We talked long into the night the first time this came up, discussing the pro's and con's, and L. eventually decided to give Surreality a month long "trial."  "You have one month to recruit more raiders," he concluded at the end of our conversation.  "They'll either convince me to stay, or they'll replace me."

Not surprisingly, my officers were a little (okay, more than a little) annoyed by what they perceived as an ultimatum — especially since it came from someone we had historically found to be a little ... unreliable? 

With all due respect to L., he does have an unfortunate tendency to /afk through raid content — including our entire first Archimonde kill and multiple bosses in Trial of the Crusader (although completely unattended, his pet once managed 700 DPS on its own on 10-man Jaraxxus!) — and often struggles to maintain a consistent Internet connection.  This week, he missed two of our three weekly raids: one because he was late (albeit for perfectly understandable reasons), and one because he disconnected so often that he ended up costing us attempts on the heroic Twin Valks and had to be subbed out.

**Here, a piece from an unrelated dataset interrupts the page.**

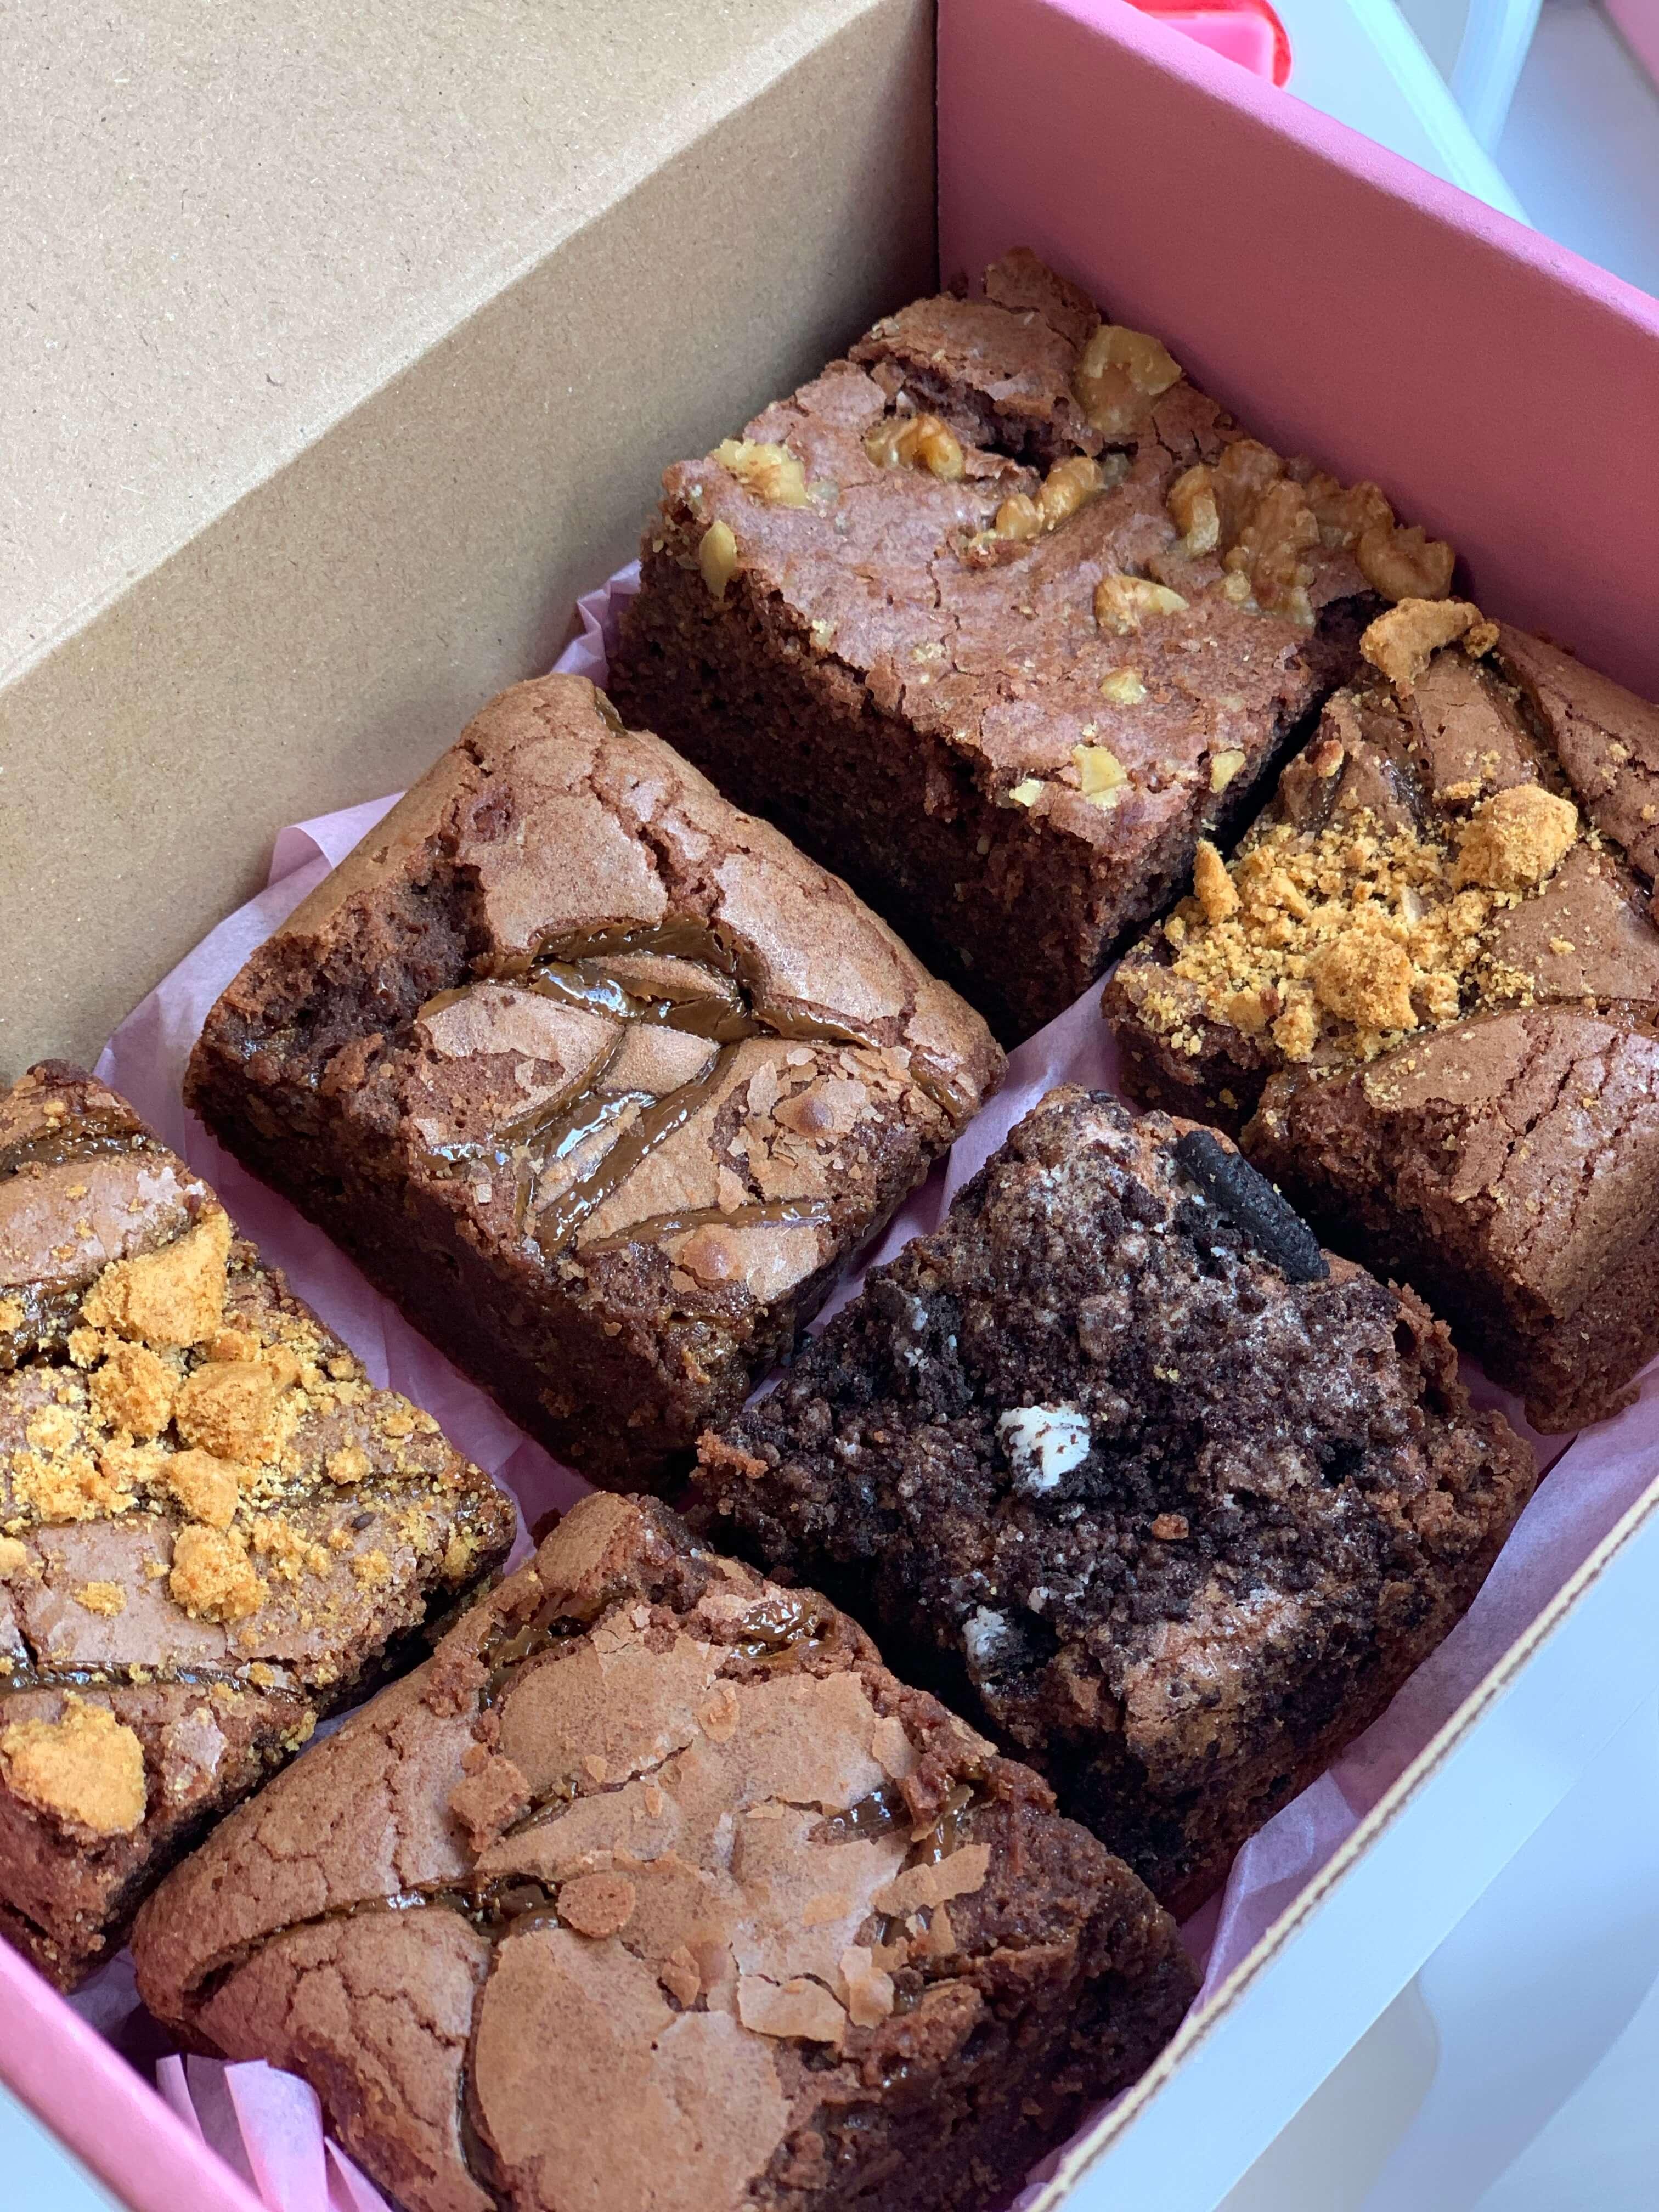 brownie de chocolate dentro de una caja de cartón
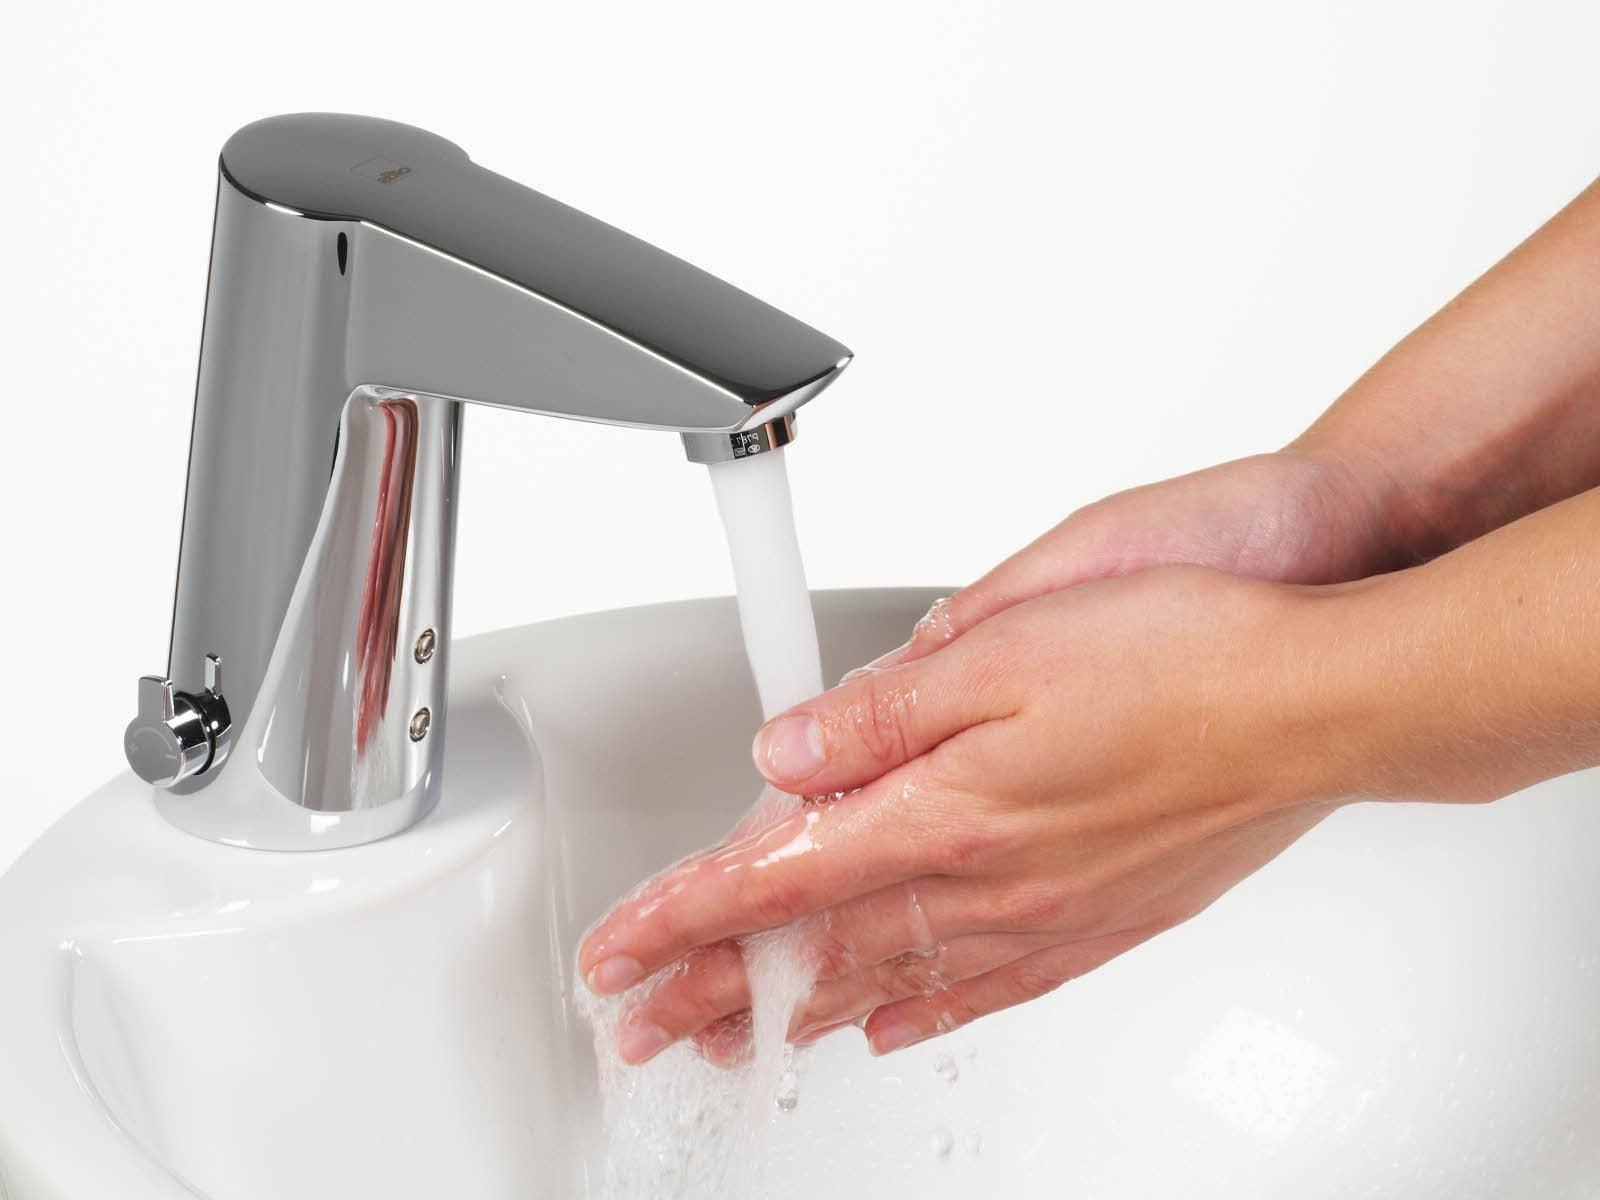 Смеситель с датчиком движения для подачи воды: инфракрасные (ик) краны для рук в раковину

An unstable Internet connection and flakey attendance aren't ideal for a raider in any guild, but — true to our casual-friendly roots — they are things we're willing to work around.  To a point.  L.'s veteran status (and the fact that I have always believed his heart to be in the right place, even when his head isn't anywhere at all) has been his Get Out Of Jail Free card.  Truth be told, I've taken a bit of flak about it from my officers.  But I still view Surreality as my baby and am determined to preserve our "fun and friendship first; progression second" philosphy towards raiding, even if the gap between first and second has narrowed considerably over the years.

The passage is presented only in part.